In 31 patients with sepsis and multiple organic dysfunction, changes in the systemic oxygen consumption (VO2) during reanimation were observed in order to discover more objective indicators of the course and prognosis of the disease. In a prospective randomized study, 21 live (Group 1) and 11 dead patients (Group 2) were included. The investigation was based upon the application of the invasive tracing of oxygen hemodynamics and transport. The findings of the initially hypovolemic status were compared with those of the stabile normovolemic status obtained by the application of infusions and the blood volume substitute. In the early phase of the disease there were no significant differences in the clinical finding of the circulatory shock and the volume deficit of the circulated blood between these two groups of patients. Group 1 patients had lower values of the cardiac index (CI) and the systemic oxygen transport (DO2).
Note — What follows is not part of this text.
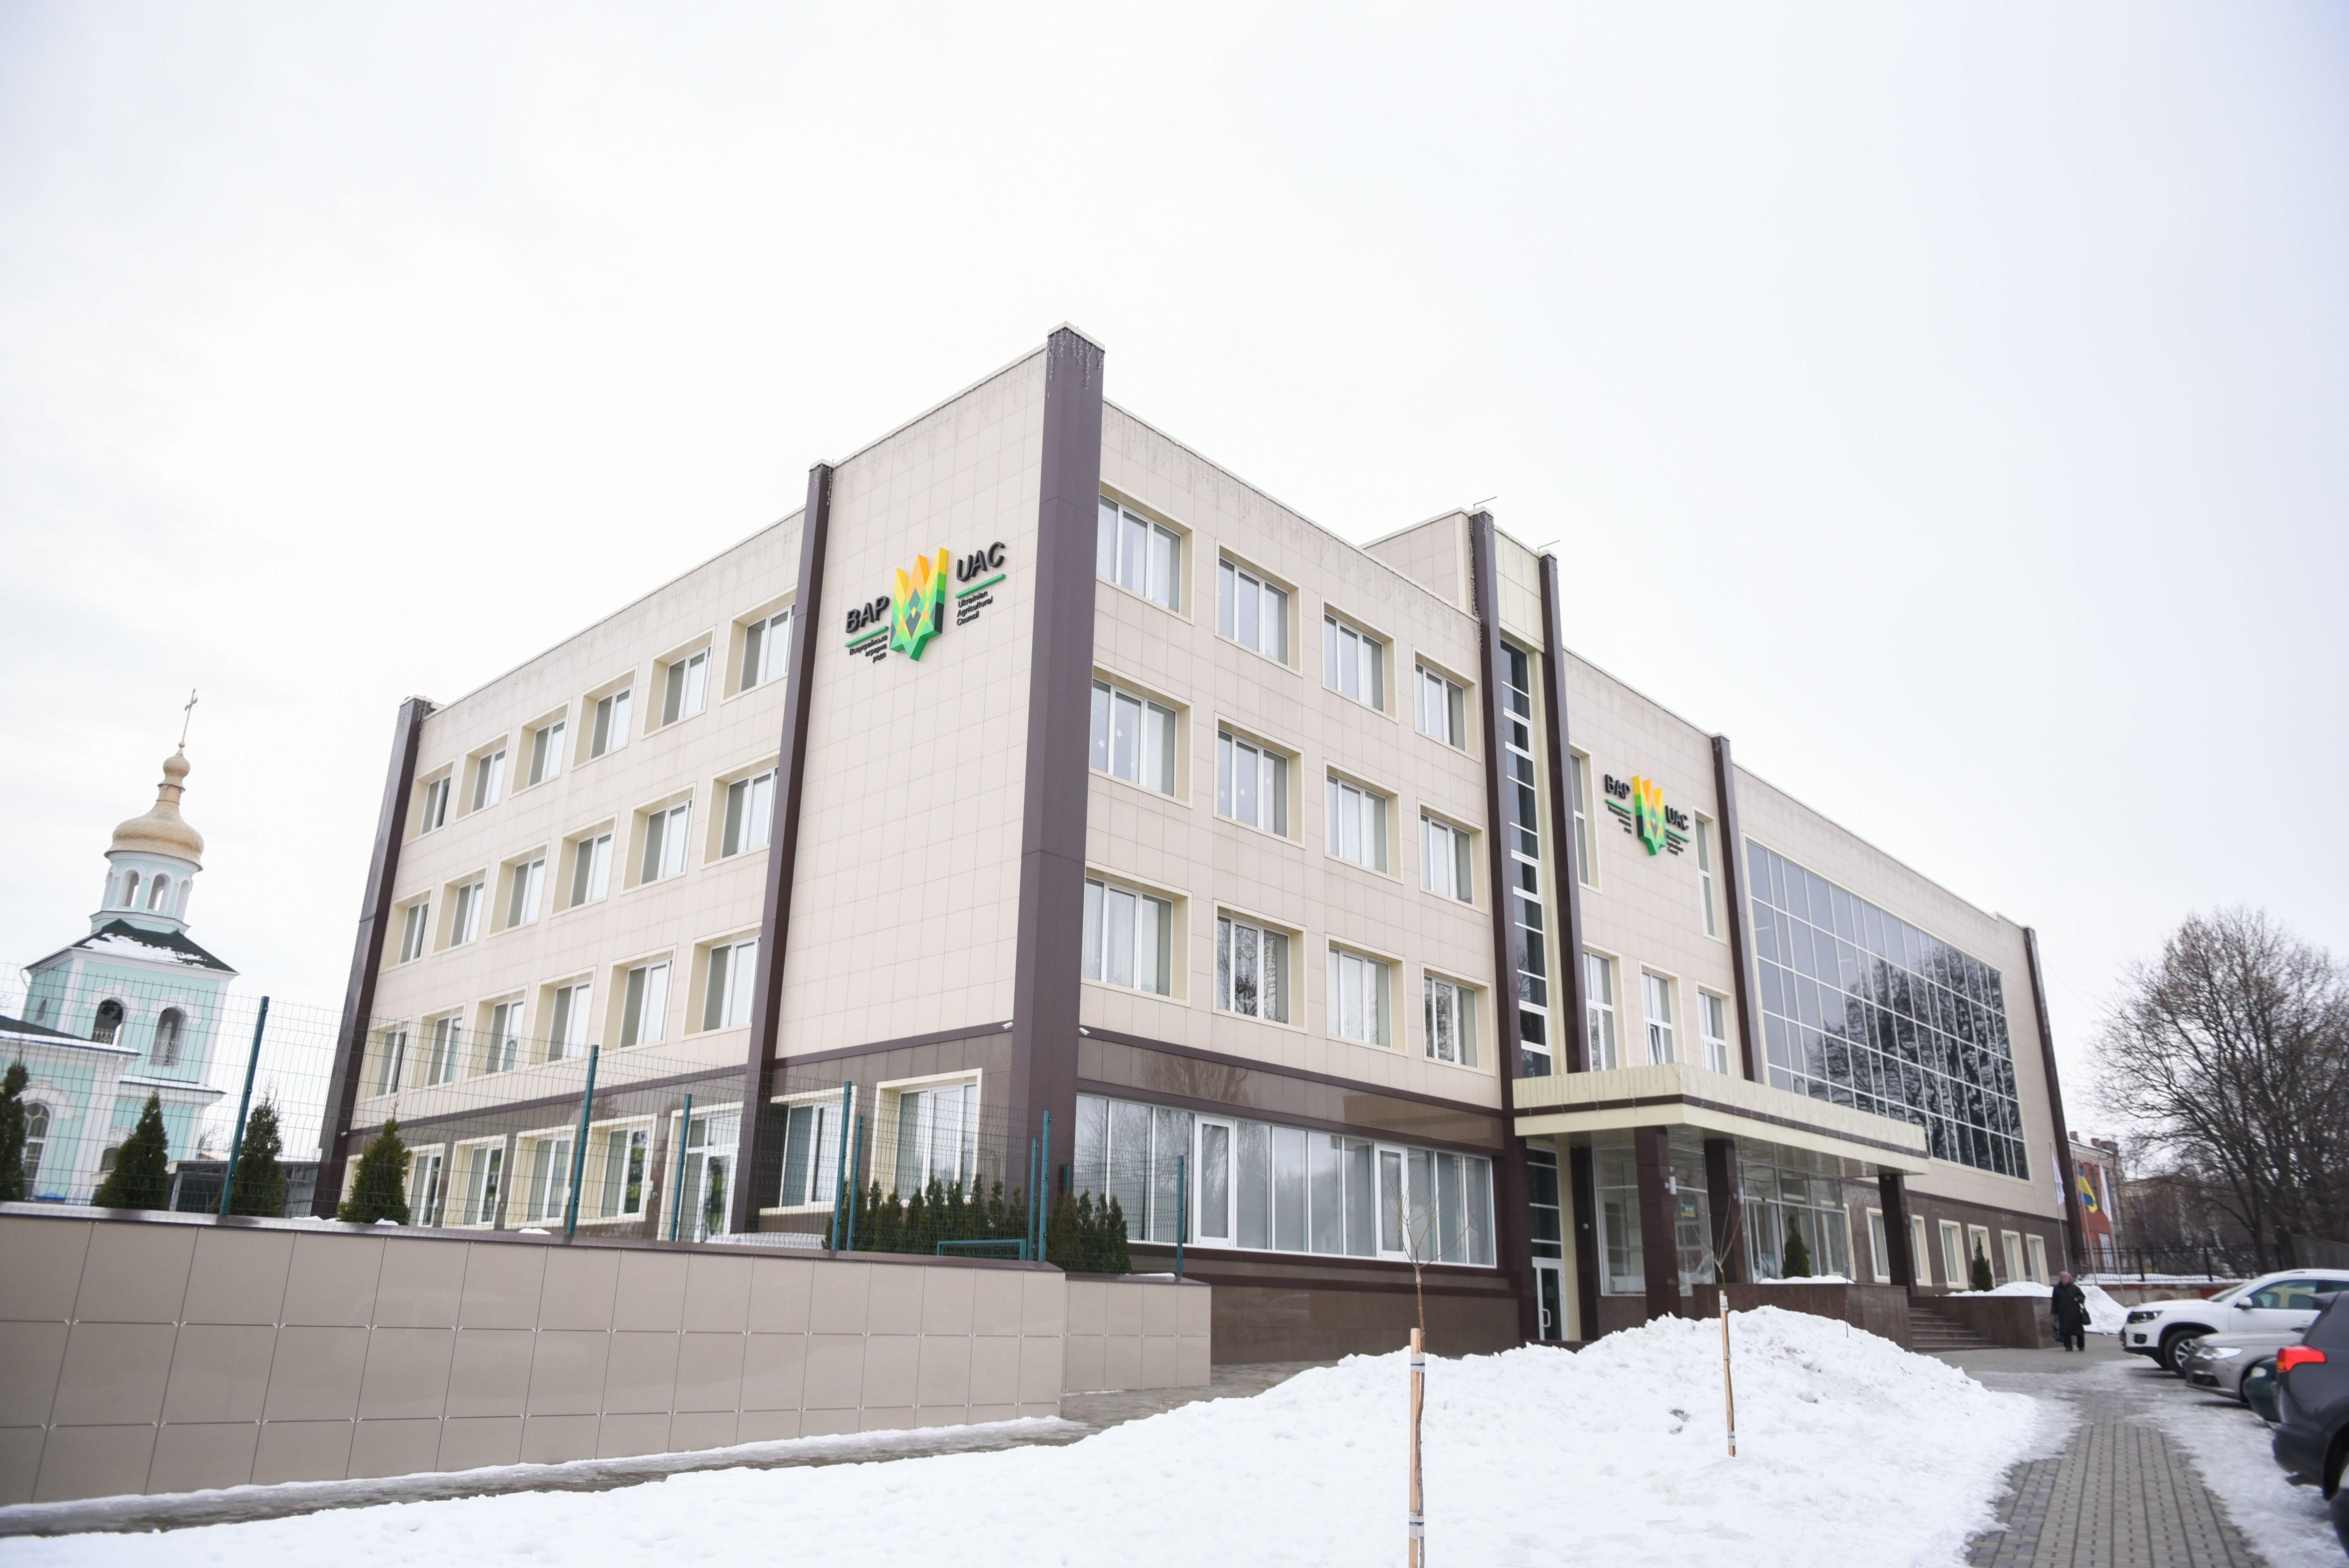 Agravery: Приватні ініціативи не завжди знаходять відгук у суспільстві – директор «Українського аграрного ліцею»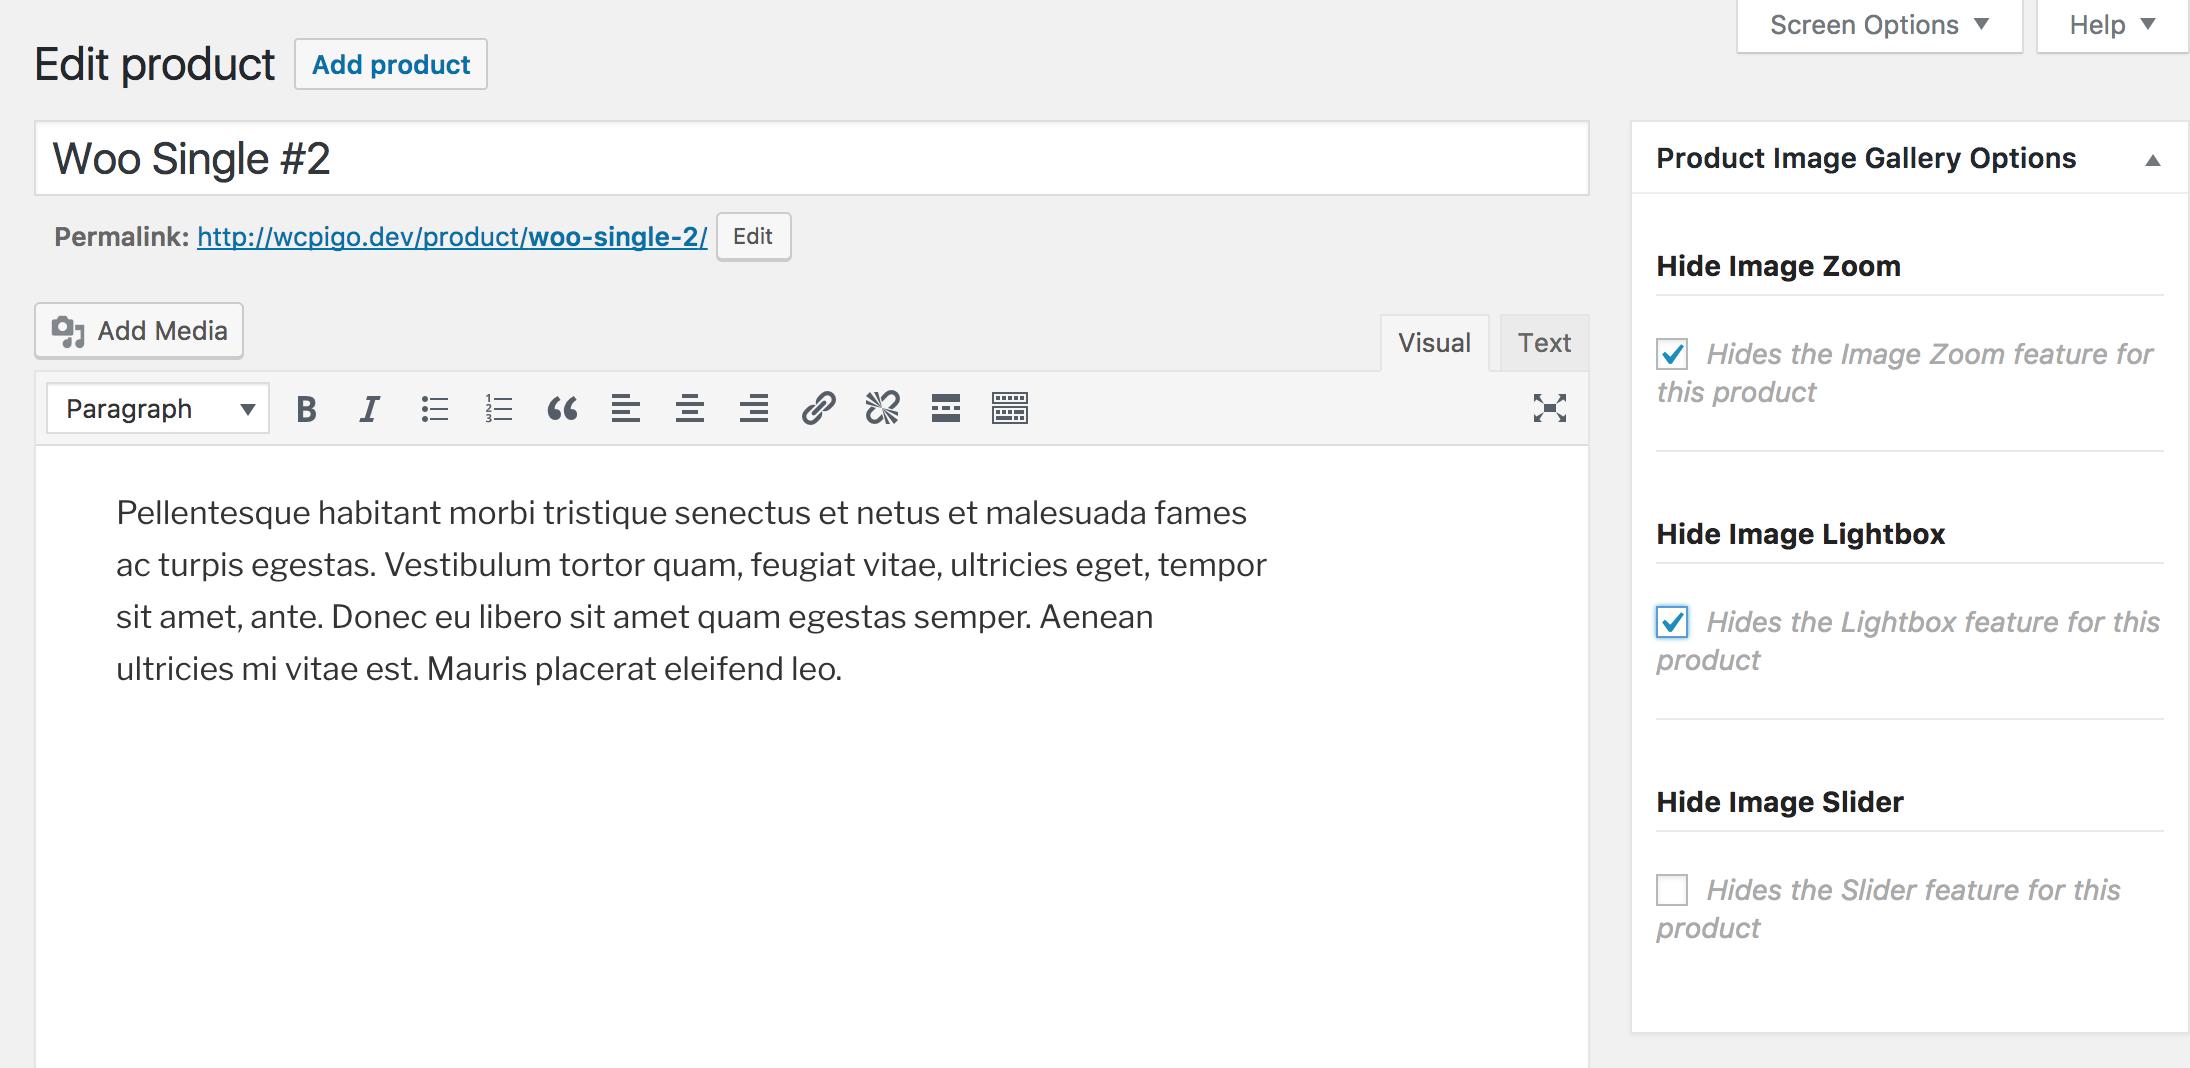 افزونه تنظیمات گالری تصویر ووکامرس

In them there was a greater frequency of acute organic insufficiency, especially pulmonal, renal and hepatal. In the initial status VO2 decreased. In the normovolemic status of Group 1, a significant VO2 was found, while in Group 2 in spite of a DO2 increase and hemodynamics improvement, a more significant VO2 increase was not obtained. As VO2 is an objective indicator of oxidative metabolic reactions of the organism and the circulatory system, the authors maintain that by the VO2 tracing, a better insight into the seriousness and course of the disease is obtained, and that an inadequate VO2 finding during the therapeutic treatment requires a revision of the treatment.

[系统监测耗氧量在脓毒性休克诊治中的价值]。
对31例脓毒症合并多种器质性功能障碍患者,观察苏醒期间全身耗氧量(VO2)的变化,以期发现更客观的疾病病程及预后指标。在一项前瞻性随机研究中,包括21例存活患者(第一组)和11例死亡患者(第二组)。这项研究是基于有创氧血流动力学和输送追踪的应用。将最初低血容量状态的结果与通过输液和血容量代用品获得的稳定等血容量状态的结果进行比较。在疾病的早期阶段,两组患者在循环休克和循环血容量不足的临床表现上没有显著差异。1组患者心脏指数(CI)和全身氧转运(DO2)值较低。急性器质性功能不全发生率较高,尤其是肺、肾、肝功能不全。初始状态下,VO2降低。在1组等容状态下,发现VO2显著增加,而在2组中,尽管DO2增加和血流动力学改善,但没有获得更显著的VO2增加。由于VO2是机体和循环系统氧化代谢反应的客观指标,作者认为,通过VO2追踪,可以更好地了解疾病的严重程度和病程,并且在治疗过程中发现VO2不足需要修改治疗方案。
本文章由计算机程序翻译,如有差异,请以英文原文为准。